San7o/hll.h
Folders and files
| Name | Name | Last commit date | ||
|---|---|---|---|---|
Repository files navigation
hll.h
=====
Configurable, header-only implementation of HyperLogLog in C99.
Author: Giovanni Santini
Mail: giovanni.santini@proton.me
License: MIT
Documentation
-------------
This header-only C99 library implements the HyperLogLog algorithm
for approximating the cardinality (number of distinct elements) of
large multisets.
The algorithm uses a hash function to map input elements to uniformly
distributed bit patterns and records the maximum run of leading zeros
across many independent registers. From this, it computes an estimate
of the set’s cardinality with low memory footprint and tunable accuracy.
Features:
- Header-only, portable C99 implementation
- Adjustable precision/space-accuracy tradeoff
- Suitable for large-scale data streams
Reference:
S. Heule, M. Nunkesser, A. Hall,
"HyperLogLog in Practice: Algorithmic Engineering of a State of
The Art Cardinality Estimation Algorithm"
Usage
-----
Do this:
#define HLL_IMPLEMENTATION
before you include this file in *one* C or C++ file to create the
implementation.
i.e. it should look like this:
#include ...
#include ...
#include ...
#define HLL_IMPLEMENTATION
#include "hll.h"
You can tune the library by #defining certain values. See the
"Config" comments under "Configuration" section in the header.

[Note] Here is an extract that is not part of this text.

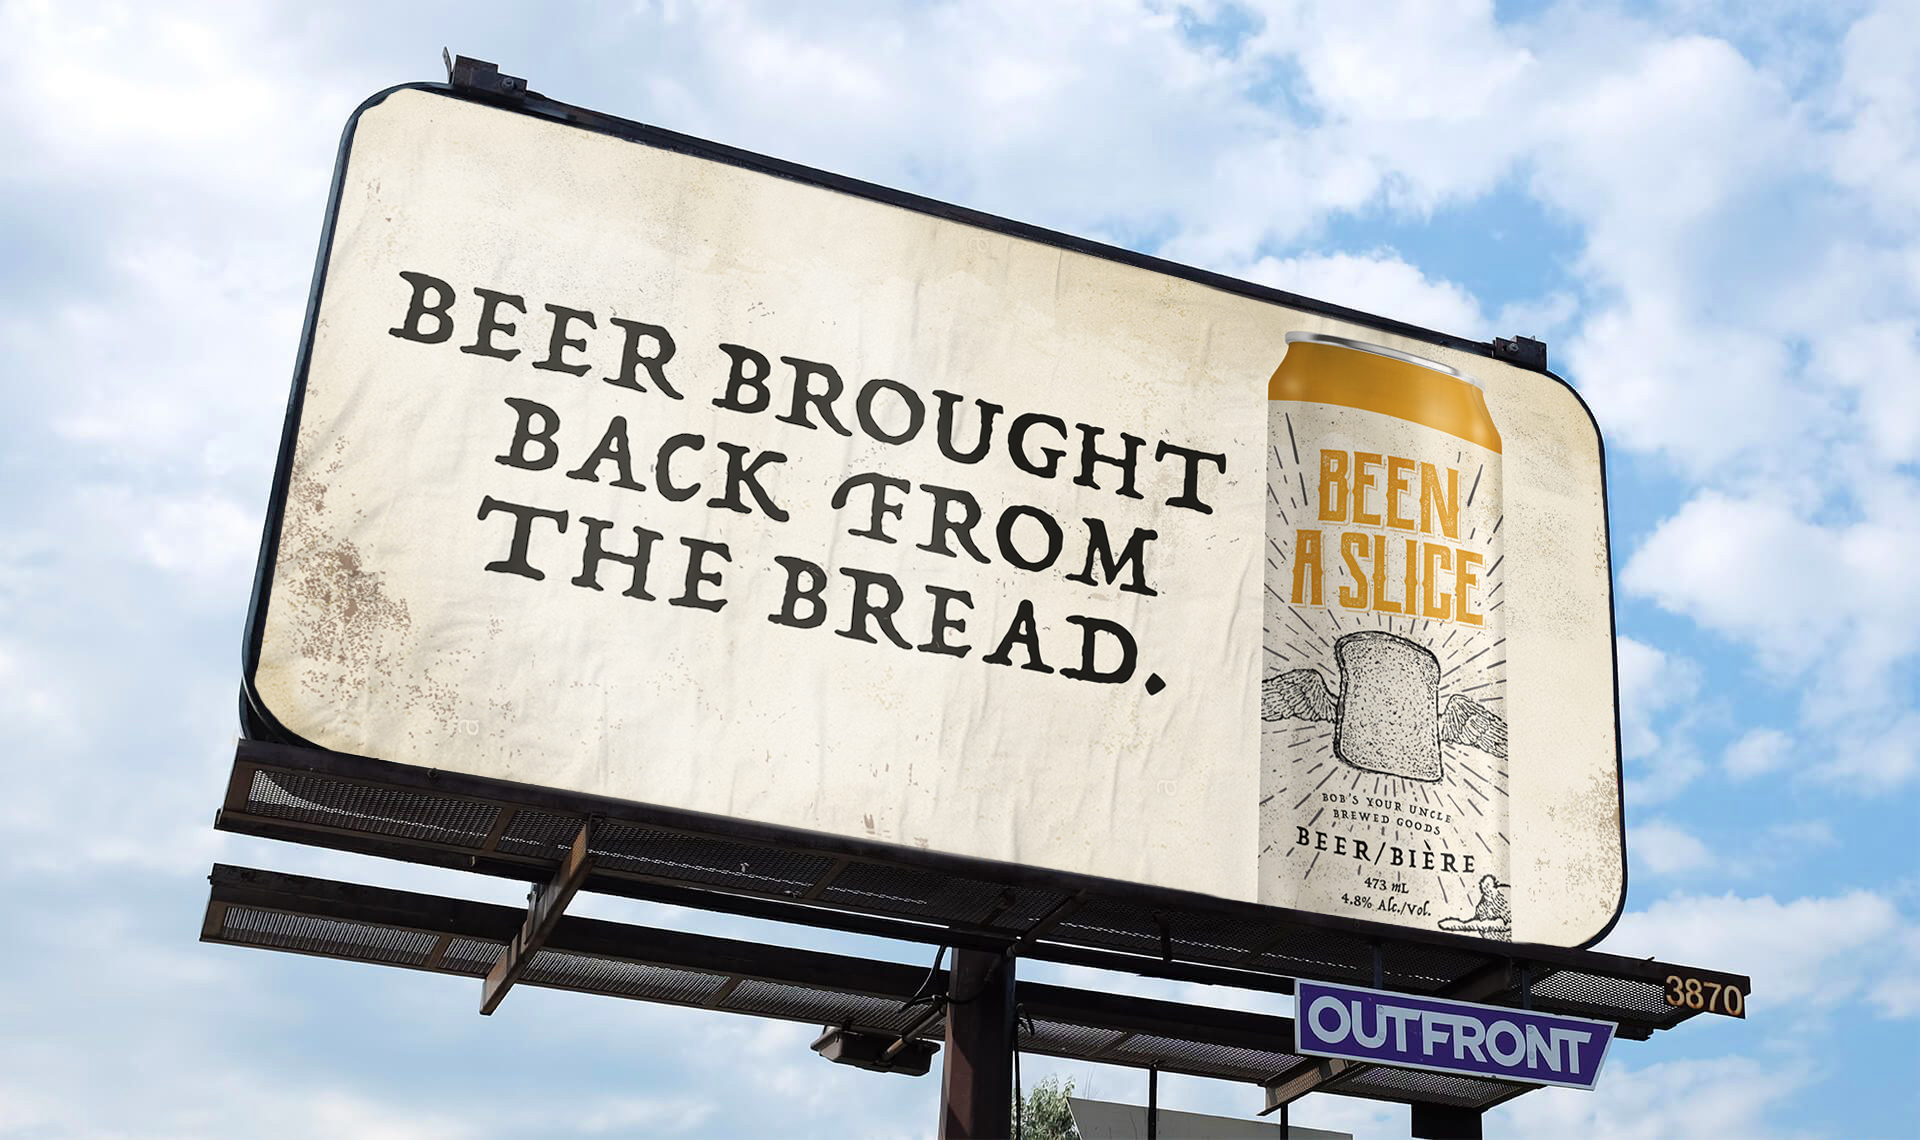 "Been a beer" billboard
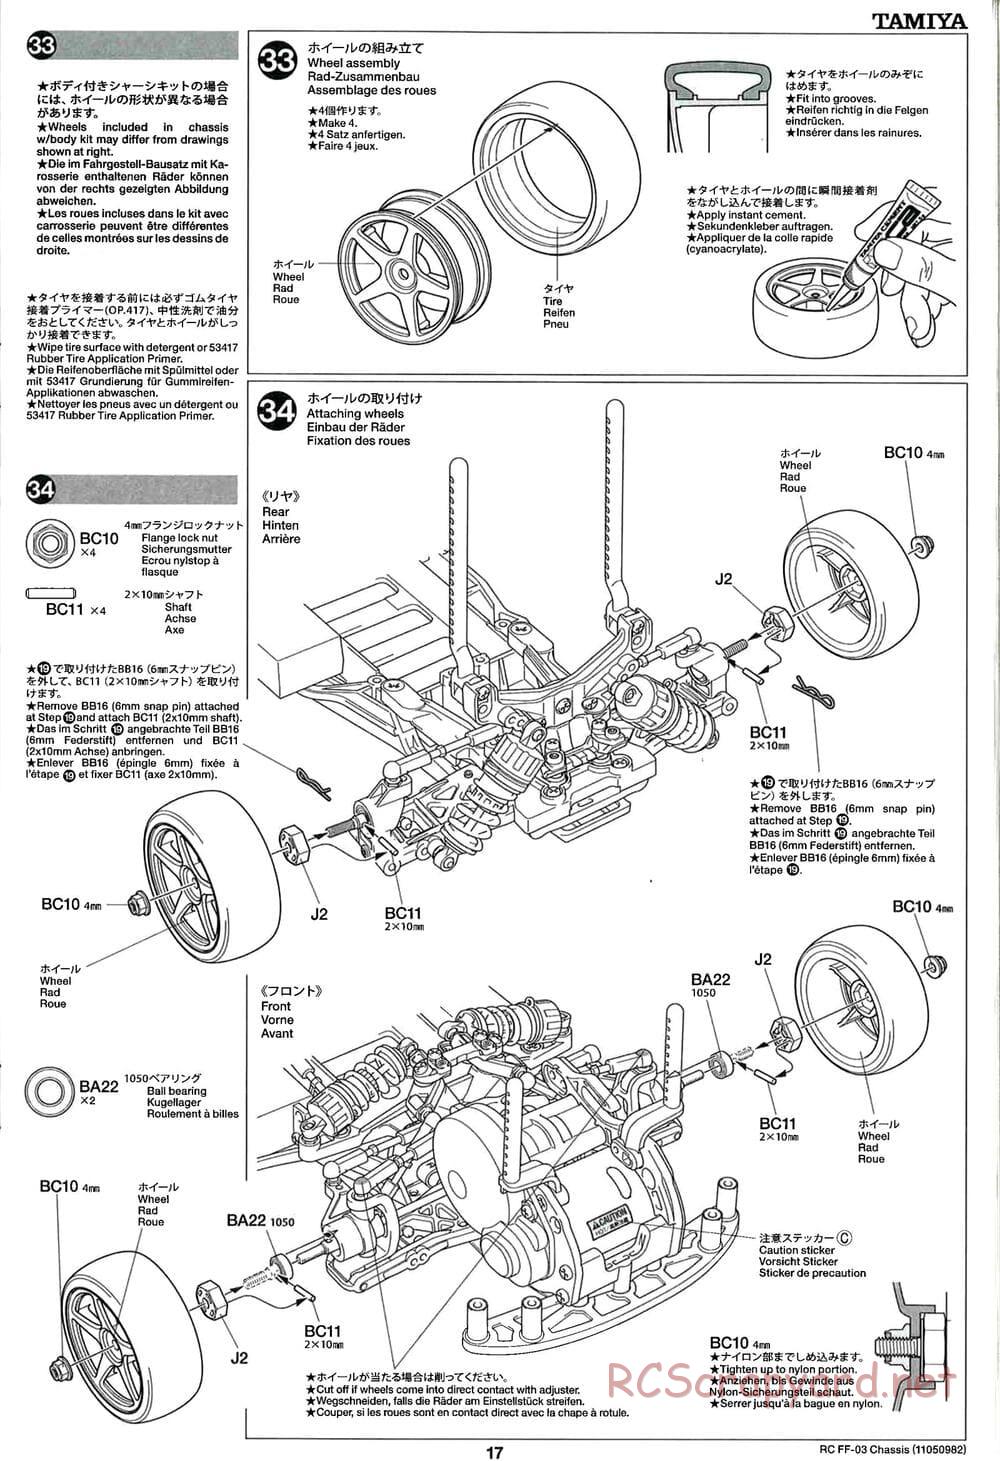 Tamiya - Honda CR-Z - FF-03 Chassis - Manual - Page 17

You need to initialize a hll_t with `hll_init` and eventually
destroy it with `hll_destroy`. To add a value, use `hll_add`. To
get an estimate of the cardinality of the values, use
`hll_count`. See the function definitions for more information.
Check some examples at the end of the header.
Code
----
The official git repository of micro-hll.h is hosted at:
https://github.com/San7o/micro-hll.h
This is part of a bigger collection of header-only C99 libraries
called "micro-headers", contributions are welcome:
https://github.com/San7o/micro-headers
TODO
----
The library should be tested more. Right now, some precision values
do not work well so the optimal precision should be handpicked
manually.
Only the dense representation is implemented.
Additionally, no empirical bias correction is applied.